Linux bpb23-acc 5.4.0-136-generic #153-Ubuntu SMP Thu Nov 24 15:56:58 UTC 2022 x86_64 x86_64 x86_64 GNU/Linux

  • Compiler: x86_64-conda-linux-gnu-c++ (conda-forge gcc 12.3.0-2) 12.3.0

Question

In pairwise_align(), when several possible alignments have the same score, how does the code pick which one to return? Can it be asked to return all of them (lazily), like BioPython's Bio.Align.PairwiseAligner does? Thanks!

@eseiler

notestaff avatar Oct 11 '23 16:10 notestaff

Hey @notestaff,

if there are multiple valid alignments, the traceback will choose in this order:

  1. Diagonal (match)
  2. Vertical (gap in the first sequence)
  3. Horizontal (gap in the second sequence)
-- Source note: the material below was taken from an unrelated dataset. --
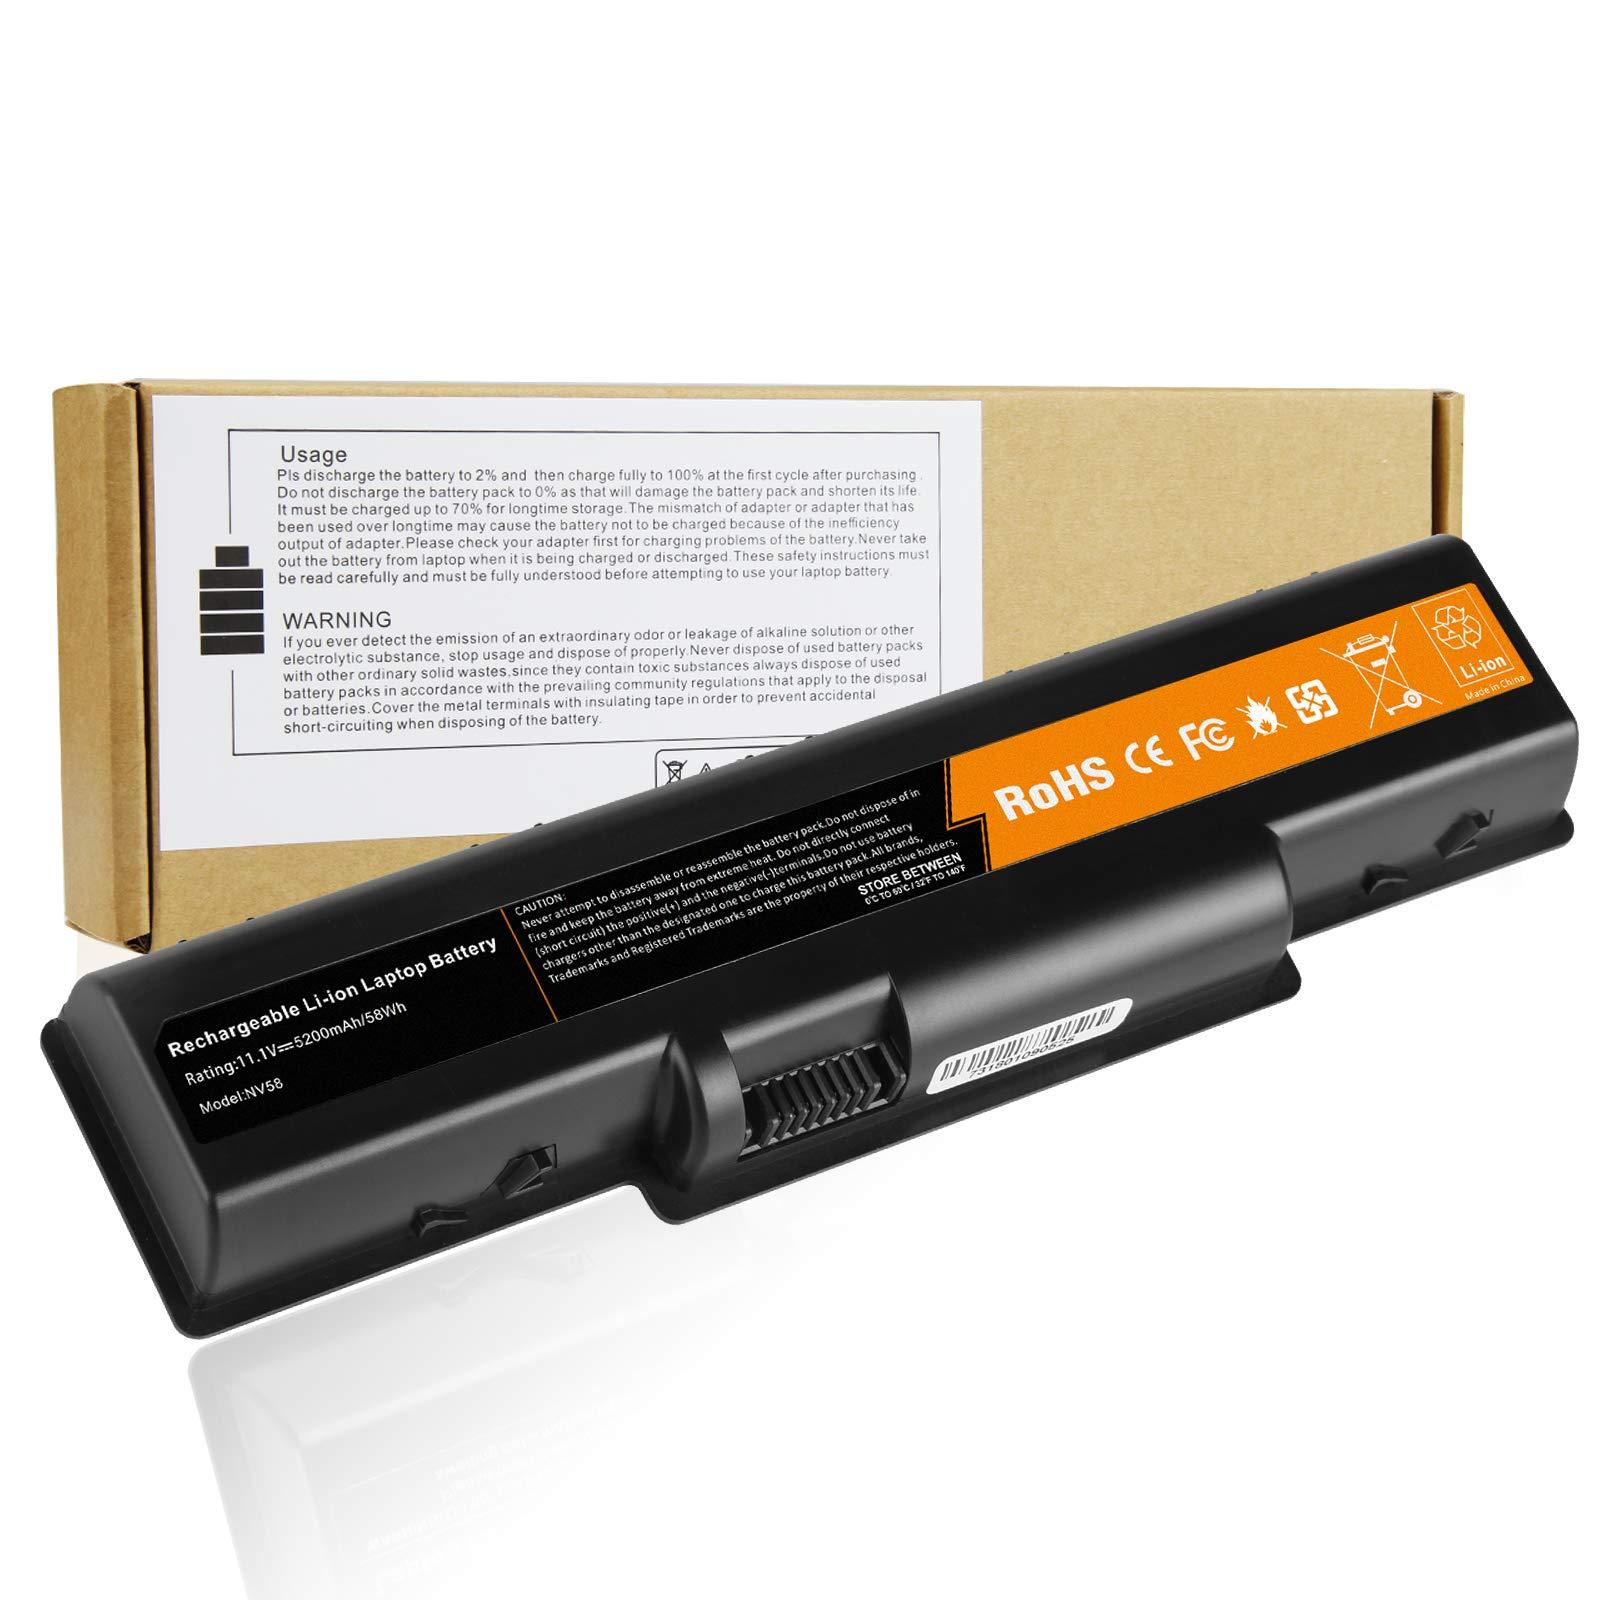 Bateria para Acer Aspire 5532 5732Z 5334 5517 AS09A31 AS09A61 AS09A41 AS09A51 AS09A71 AS09A75-12 6 Celdas 11.1V 5200mAh

The alignments are always evaluated lazily, i.e., they are only computed if you access them.

As far as I am aware, there is no way to force an output of all possible (alternative) alignments.

Click to show example
#include <vector>

#include <seqan3/alignment/aligned_sequence/debug_stream_alignment.hpp>
#include <seqan3/alignment/configuration/align_config_edit.hpp>
#include <seqan3/alignment/pairwise/align_pairwise.hpp>
#include <seqan3/alphabet/nucleotide/dna4.hpp>
#include <seqan3/core/debug_stream.hpp>

int main()
{
    using namespace seqan3::literals;

    std::vector<seqan3::dna4> const sequence_1{"ACGT"_dna4};
    std::vector<seqan3::dna4> const sequence_2{"AGCT"_dna4};

    auto config = seqan3::align_cfg::method_global{} | seqan3::align_cfg::edit_scheme;

    for (auto const & result : seqan3::align_pairwise(std::tie(sequence_1, sequence_2), config))
        seqan3::debug_stream << result << '\n';
}

Will output:

{sequence1 id: 0, sequence2 id: 0, score: -2, begin: (0,0), end: (4,4), 
alignment:
      0     .
        A-CGT
        | | |
        AGC-T
}

An alternative is:

ACG-T
| | |
A-GCT

but the algorithm will prefer putting the gap in the first sequence first.


@rrahn will also have a look at your questions and correct me/expand on my answers if necessary :)

What would the use case be for iterating over all alternative alignments? Please don't hesitate to ask more questions if something is unclear.

eseiler avatar Oct 15 '23 10:10 eseiler

Hi @eseiler and @rrahn,

Thanks for the response (and for seqan generally). My current use case involves converting some code from python/biopython to C++/seqan3, and trying to ensure that the new code exactly reproduces the old results. I've realized now that the code path which used alignment enumeration is inactive, so don't have an immediate need for that function. However, it would help a lot if there was a systematic way to exactly reproduce, in seqan3, biopython's choice of alignment from among the top-scoring alignments. Maybe, the order in which the traceback chooses directions could be explicitly parameterized (with compile-time choices)? Then I could choose the order corresponding to biopython's implementation.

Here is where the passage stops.